24 June Sunday Isle aux Morts
Rain when we woke up and easterly wind. This is the end of a sunny period, and the wind will come from where we are heading the next days. Had a shower and then breakfast and then kept reading and writing the whole morning.
Annika investigated the seal on the shaft to the centre board, that isn’t leaking when the centre board is not in use.
Took the leaver off again and it was obvious that the seal close to the leaver was not exactly in right place. After some adjustments on the seal, everything was assembled again. No leak, but the big test will have to wait until the centerboard is down and working in heavy sea.
After a long and partly rainy day we had a chicken casserole for dinner before another early night.
Week 26, 25 June – 1 July 2018 Isle Aux Morts – St Lawrence, Newfoundland, via France 183 nm.
25 June Monday Isle Aux Morts
Cold morning with only fifteen degrees in the boat when we woke up. Lit the furnace and stayed in bed until the air had become a little more welcoming. We were happy that we already yesterday moved Moon into the corner of the wharf to be prepared for the coming north easterly gale, because Moon gets even more chilly with the wind in from behind. Breakfast in a slow pace, but almost before it was finished the guys from yesterday who promised to drive us to the supermarket in the next village, Port Aux Basques, came and picked us up.

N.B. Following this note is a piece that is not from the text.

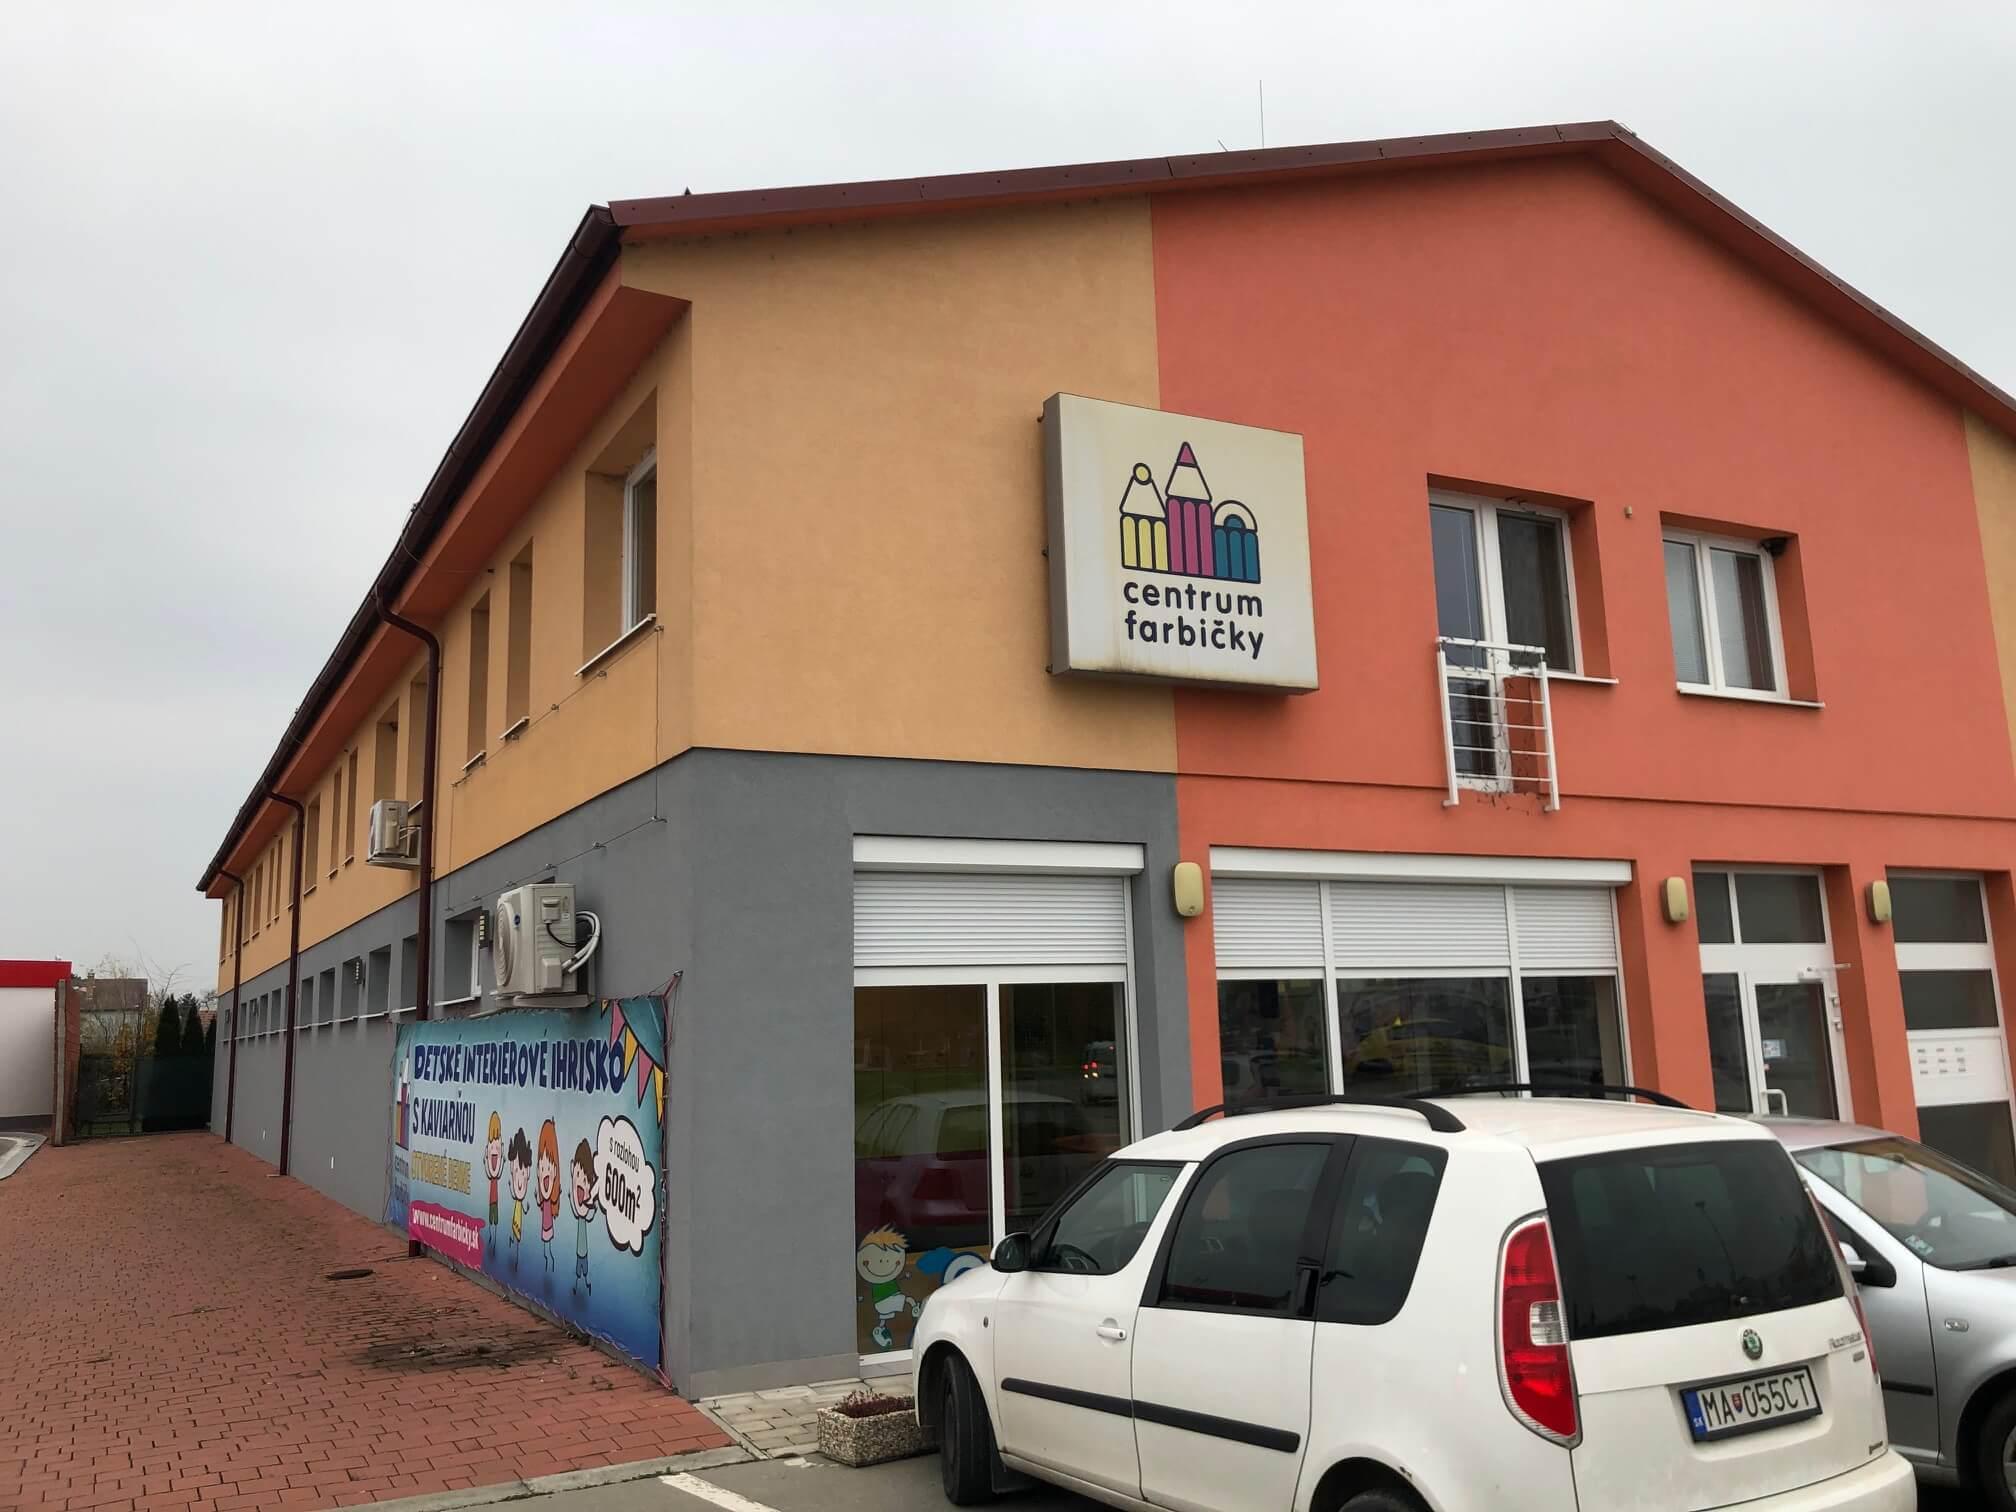 Prenajaté: Prenájom 2 izb. byt, Luxusne zariadeny, v tichej lokalite, Brnianska 4, nad Farbičkou, Malacky,-23

Berit and Annika went along and Björn stayed in Moon to keep her safe, warm and dry. The forecast show a north easterly gale from midnight, but you never know if it comes earlier. The sky was grey and the rain was off and on the whole morning. The shopping party came back just after noon and we had a simple lunch. Annika and Berit went up to the pub, which was closed. But the router for the WiFi was on and Annika managed to get access to internet outside the door. Found out that the ordered new windlass was in transit and that was a relief.
When moving in to the corner we had to lift up four big tires on the wharf to get a clean wharf for our fenders and fender boards. The harbourmaster was impressed and wondered how we had managed. We told him about the spinnaker halyard and the winches we have and told him we will put them back. “No No don’t do that, we have tried to get them off the wharf for some time”. Obviously someone have put them there without allowance, and then just left them there. Tiers are hopeless for a pleasure boat when you have tide of more than a meter. We were happy with a nice clean wooden wharf which only needed a fender board where the ladder was.
Shut down the furnace before getting to bed. Strong gusting wind will sometimes blow out the flame.
26 June Tuesday Isle Aux Morts
The predicted gale begun shortly after midnight. Around two we had strong gale, but with our position in the lee of the wharf and the wind almost over our bow, it was only the rain and the noise from the wind that made us aware of the weather. When we woke up we had eleven degrees C in the boat. Outside it was four degrees and only a few kilometers inland the rain came as snow. We used the Webasto hydro heater to warm up the boat before we dared to go up.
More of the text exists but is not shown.